**TASK GOAL:** Set down, please, exactly the lines below that run from the line with "Nike Air Force" to the line with "Harry Potter themed", both lines included.

**EXTRACTED ENTRIES:**
* * *

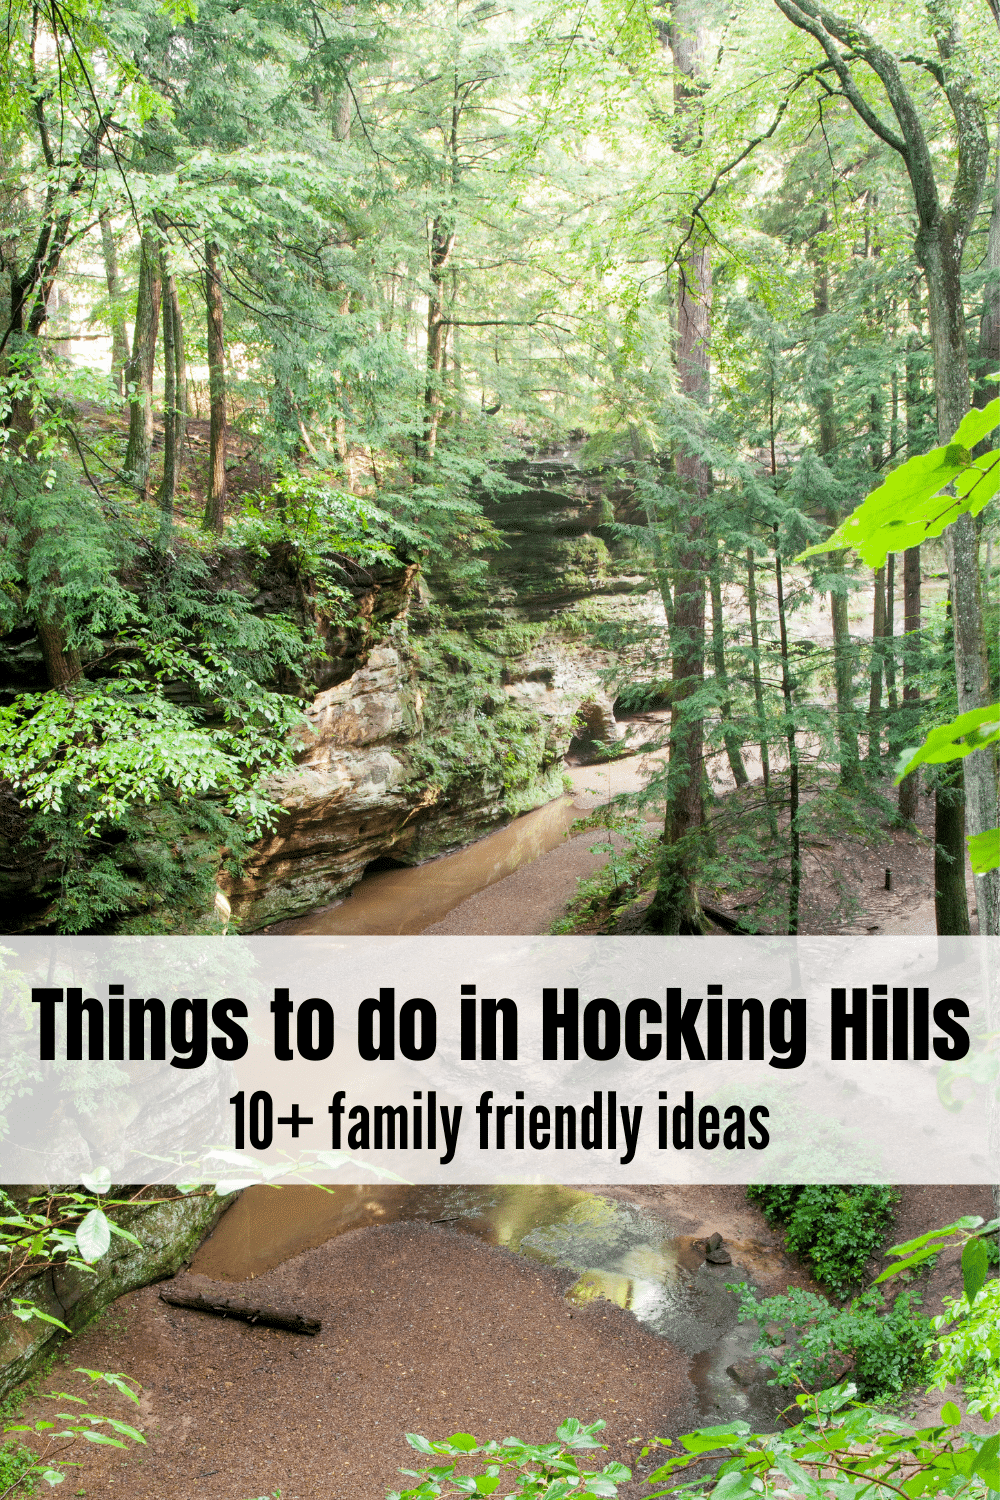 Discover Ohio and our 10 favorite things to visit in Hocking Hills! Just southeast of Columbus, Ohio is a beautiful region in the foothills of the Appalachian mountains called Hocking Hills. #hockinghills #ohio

* * *

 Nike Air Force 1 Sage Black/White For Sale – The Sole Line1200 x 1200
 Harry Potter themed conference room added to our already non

* * *

**RESPONSE FOR THIS EXERCISE:**
 Nike Air Force 1 Sage Black/White For Sale – The Sole Line1200 x 1200
 Harry Potter themed conference room added to our already non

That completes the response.